The New Beach House Album Is Their Best Yet

Photo: Sub Pop/Bella Union/Mistletone

For a band 14 years and seven albums into their career, the Beach House experience can only be described as phenomenally untroubled. The personal turbulence and aesthetic sputters that come to plague virtually all bands seem to have passed Victoria Legrand and Alex Scally by completely. Everything has fallen into place for them at exactly the right time; their superb new LP 7 only confirms the impression, by now long established, of an exceptionally fortunate concordance.

They met, both freshly accredited by liberal arts colleges, in Baltimore. Legrand (Vassar ’03), a lapsed actress with roots in France and Philadelphia, played piano and sang; Scally (Oberlin ’04), a Baltimore native, programmed drum machines and played guitar. The aptness of their partnership was immediately clear to both; before long it became clear to the wider world. Hazy soundscapes, charged with winning harmonies and presided over by Legrand’s majestic vocals, were how they identified themselves.

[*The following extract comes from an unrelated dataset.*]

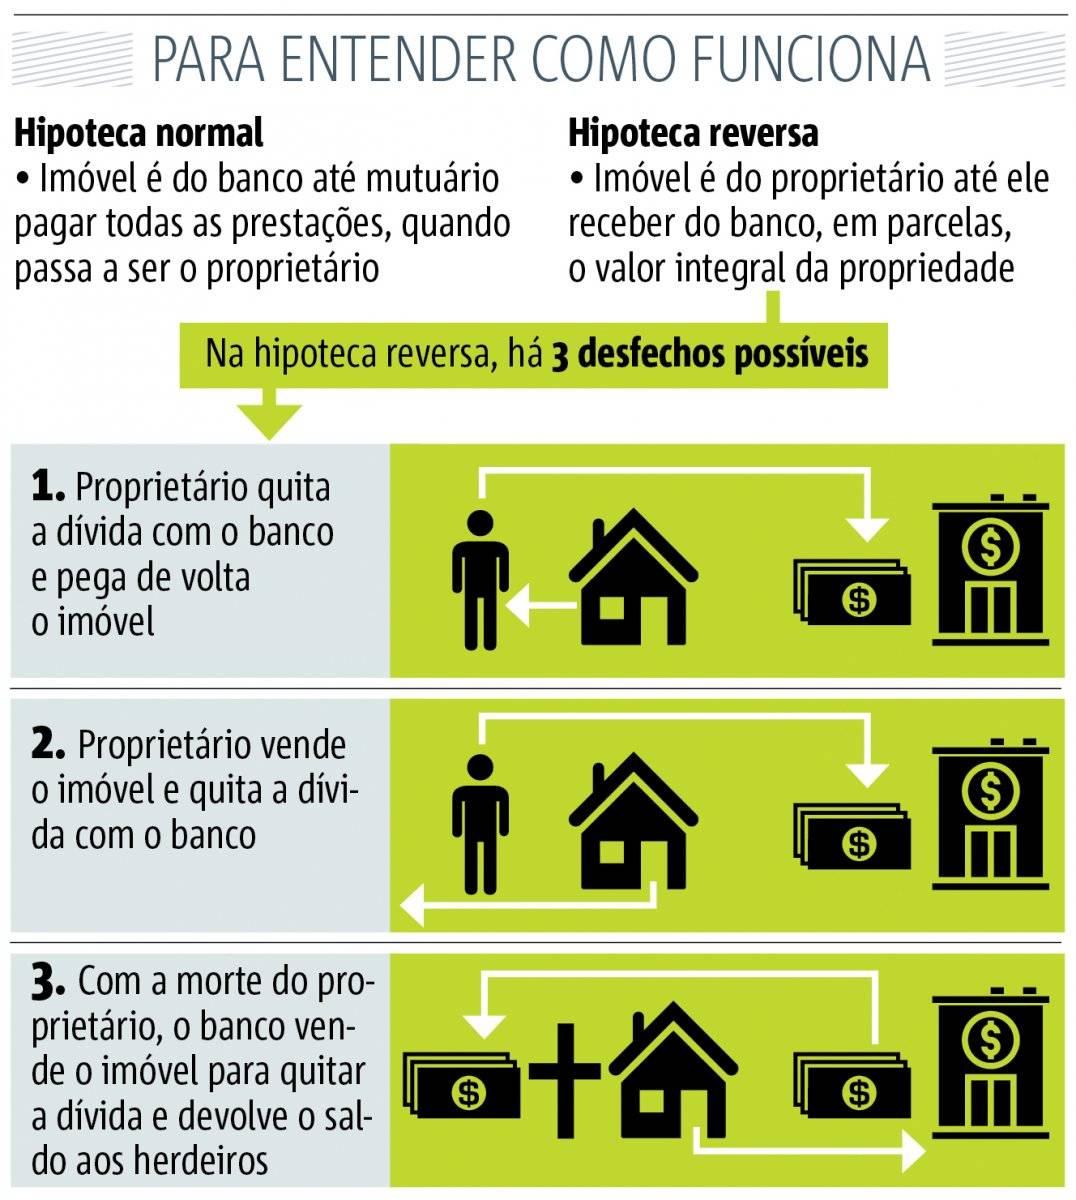 hipoteca reversa

It was hardly an unprecedented sound, but the two were inventive enough to work fresh variations on it — to attach a new wing, so to speak, to the existing dream house.

Of course they happened on the perfect name for their act: with its intimations of dazed, luxuriant relaxation in the proximity of ceaseless waves, the beautiful appeal of Beach House was impossible to overlook. Their good fortune even extended to their reception: between the prestigious and easily legible indie heritage (Mazzy Star, Cocteau Twins, any shoegaze band you like) behind them and their impeccable self-presentation, Beach House was precisely the kind of band that Pitchfork was created to laud, and they happened to emerge exactly while the website’s influence was ballooning to huge proportions.

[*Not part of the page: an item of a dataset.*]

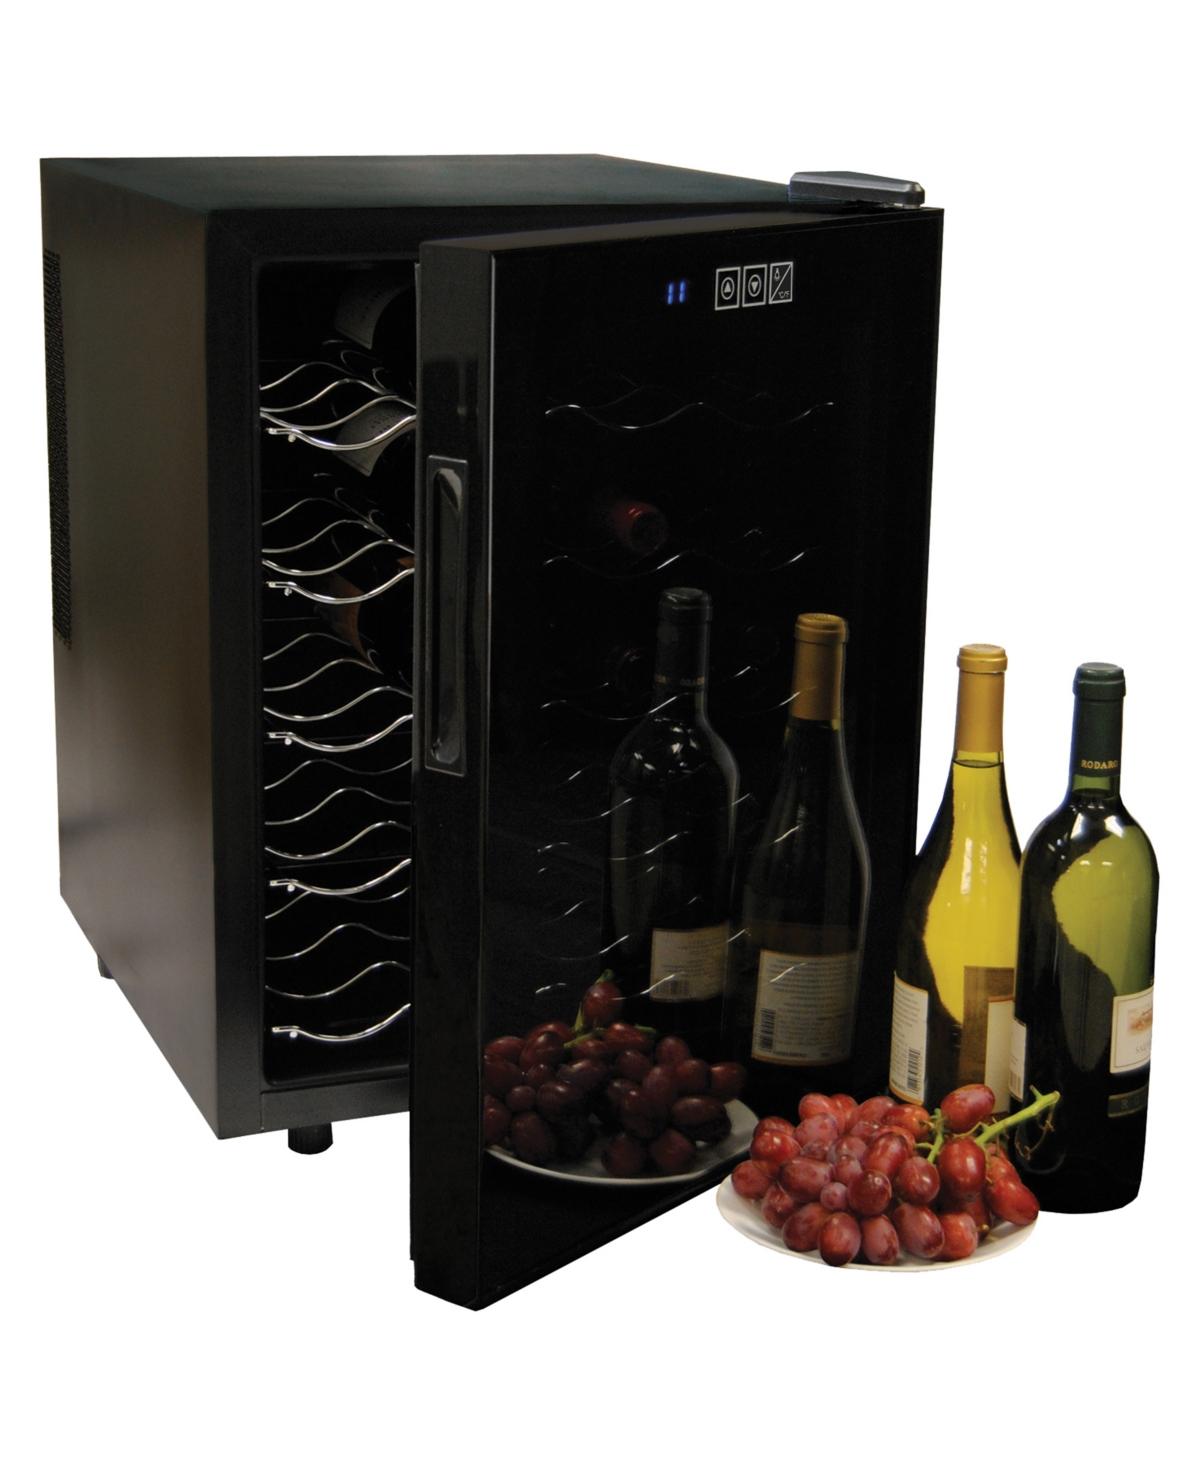 Koolatron Urban Series 20 Bottle Wine Cooler, Thermoelectric Wine Fridge, Freestanding Wine Cellar for Home Bar, Small Kitchen, Apartment, Condo, Cottage, Rv

From 2006’s Beach House on, the albums came and went like moods: not quite big, but always big enough. The albums could never be reduced to each other, but the adjustments between them were always minor, and always tasteful. The affective intensity has been especially consistent. Except on rare occasions, like their 2010 album Teen Dream, the sound of Legrand’s voice tends toward dissociation: instead of inhabiting them fully, she always seems to hover a few feet above the images and narratives her lyrics name, an effect greatly accentuated by the blur of ever-present reverb. The feeling of the Beach House sound is, in this sense, an abstract experience: it’s the pleasure of being emotionally stable. Even when they named a 2015 album Depression Cherry, it was hard to make out any angst or misery through the billowing synths; if anything, we thought of vivid red, a cool sweet taste, the proximity to cheery.

When even depression feels rich in spirit, something probably needs to change. The cushioned surfaces that typified 7’s six predecessors had served, I suspect, an antidepressant function: the vaporous resonance, in its deferral of meaning, canceled out any potential sources of stress. For the polished hordes of fresh liberal arts majors experiencing some combination of hazardous emotion and economic insecurity between 2006 and 2015, Beach House’s music served as a potent reminder that the good life was still in reach, still affordable.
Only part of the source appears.